Desta forma, nem sempre a causa do sofrimento do ser, é material, como se acendesse uma luzinha física. E se o problema não está no corpo, não será resolvido pela Medicina, pois a Ciência não consegue resolver os problemas da alma.

E na vida, como somos mais que somente o corpo, quem cuida de nossas almas quando elas adoecem? É necessário aquilo que a vida nos ensina através da espiritualidade, isto é, a cura através da fé existe há algum tempo.

Em 1988, a Organização Mundial da Saúde (OMS), incluiu a dimensão espiritual no conceito multidimensional de saúde. Para a OMS, a espiritualidade está ligada a convicções de natureza não material, o que pressupõe haver mais na vida do que trato da saúde.

Note bem, leitora, leitor amigo, plenamente compreendido, e com isto a OMS, entidade universal de saúde admite que a ciência médica não compreende tudo, levando o indivíduo a questões que vão além da materialidade científica.

A definição de espiritualidade para a OMS é “tudo o que possa demonstrar ou ter fundamento religioso e espiritual. Que possui ou revela elevação, transcendência, sublimidade. E Teologia Prática, exercícios devotos que têm por objeto a vida espiritual”.

Cuidando do espírito a Teologia Prática, para a OMS admite que reza e meditação, em pacientes com hipertensão, por exemplo, faz a pressão cair em 50% dos casos, um fato inexplicável pela Ciência. Tudo o que ocorre com o corpo é refletido diretamente no Espírito, por consequência, tudo o que acontece com o Espírito, é refletido igualmente no corpo.

O corpo físico é o instrumento de manifestação do Espírito encarnado.
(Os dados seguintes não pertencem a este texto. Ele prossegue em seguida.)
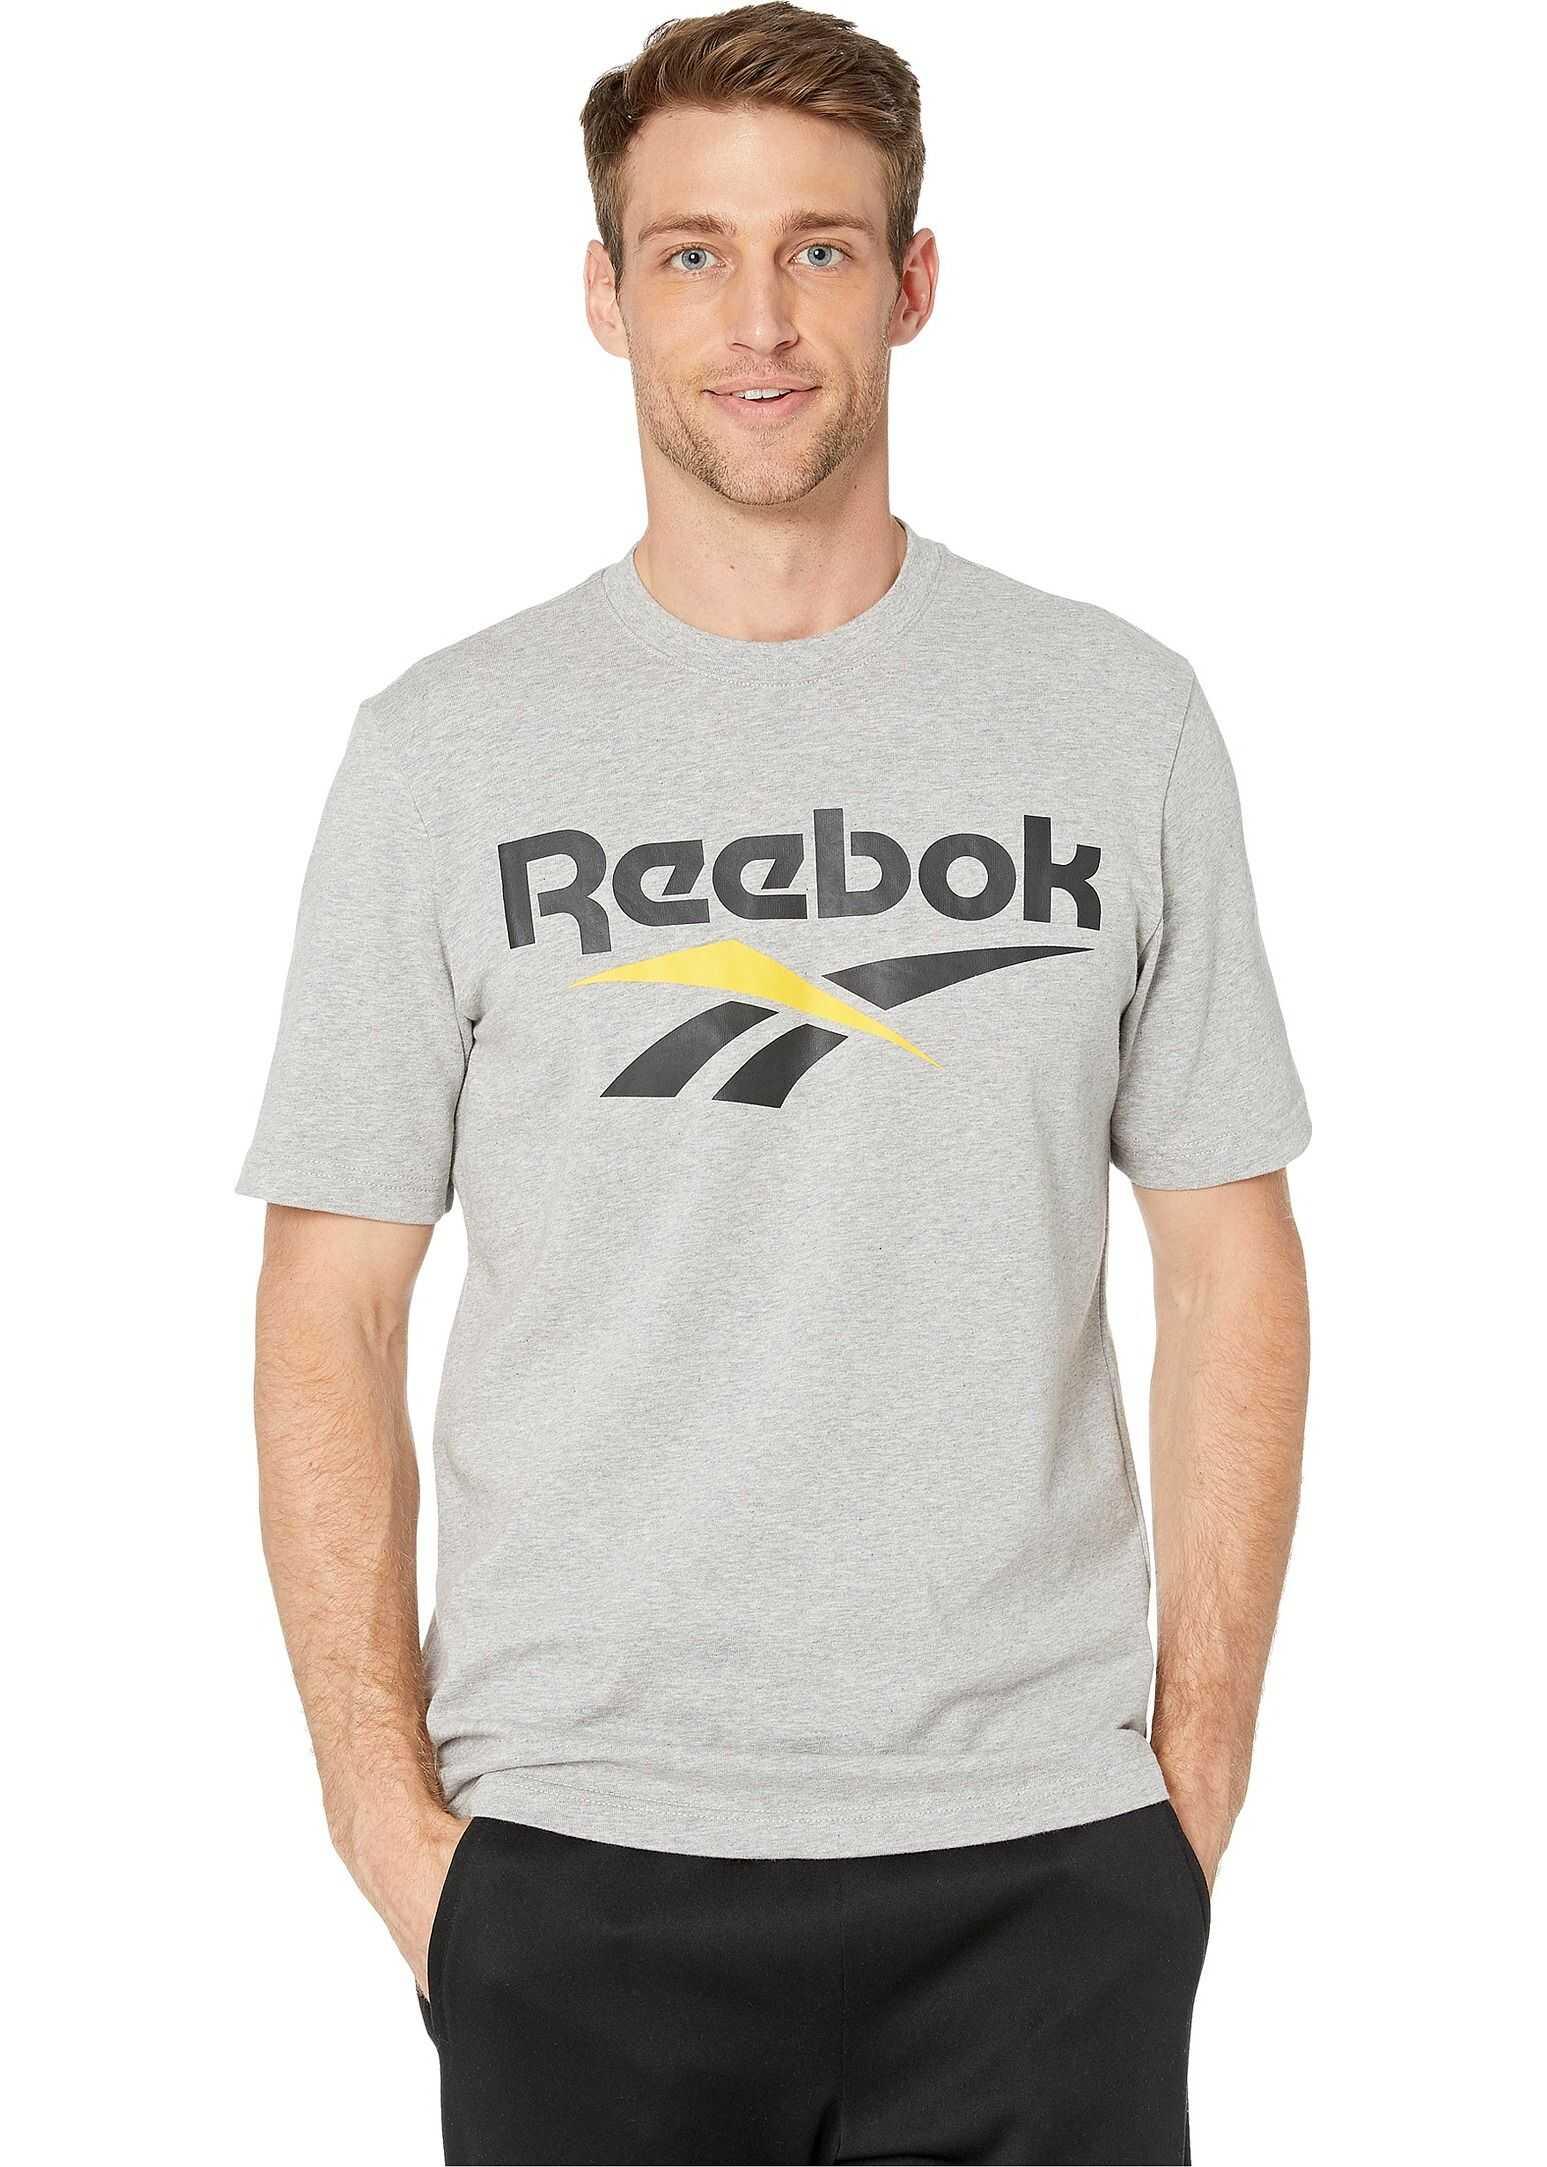 Reebok Classics Vector Tee Medium Grey Heather/Black

E tudo que nasce na inteligência, reflete nas nossas ações. Quando o Espírito está bem, o corpo está bem. Por isso, o estabelecimento da relação espírito/matéria é fundamental para melhor entender nossa evolução.

Como disse Joanna de Ângelis, precisamos de soluções para os desafios da vida. E cita algumas:

1 – A necessidade de fazer o bem, se os seres de bem não fizerem o bem, quem vai fazer? Os seres maus? Duvido muito. A espiritualidade nos ensina que “não basta não fazer o mal”, é imperioso fazer o bem. O “Amar ao próximo como a ti mesmo” é mais que palavras, é ação.

2 – A perspectiva intervencionista. Pessoas espiritualizadas não se acomodam com o que existe em termos de injustiças sociais e intervém, dando seu apoio a necessitados através de uma serei imensa de entidades.

3 – O foco no coletivo, preocupação no coletivo. Hoje em dia, a salvação não é um ato isolado, é preciso o outro, justamente aquele que é o receptor da caridade que se possa fazer, material e espiritualmente.

Ainda Joanna de Ângelis: “Planejar-agindo é servir- construindo. […] Planifica tudo o que possas fazer e que esteja ao teu alcance”. É uma receita adequada para que todos possam viver a vida com dignidade, propósito e voltada para o bem.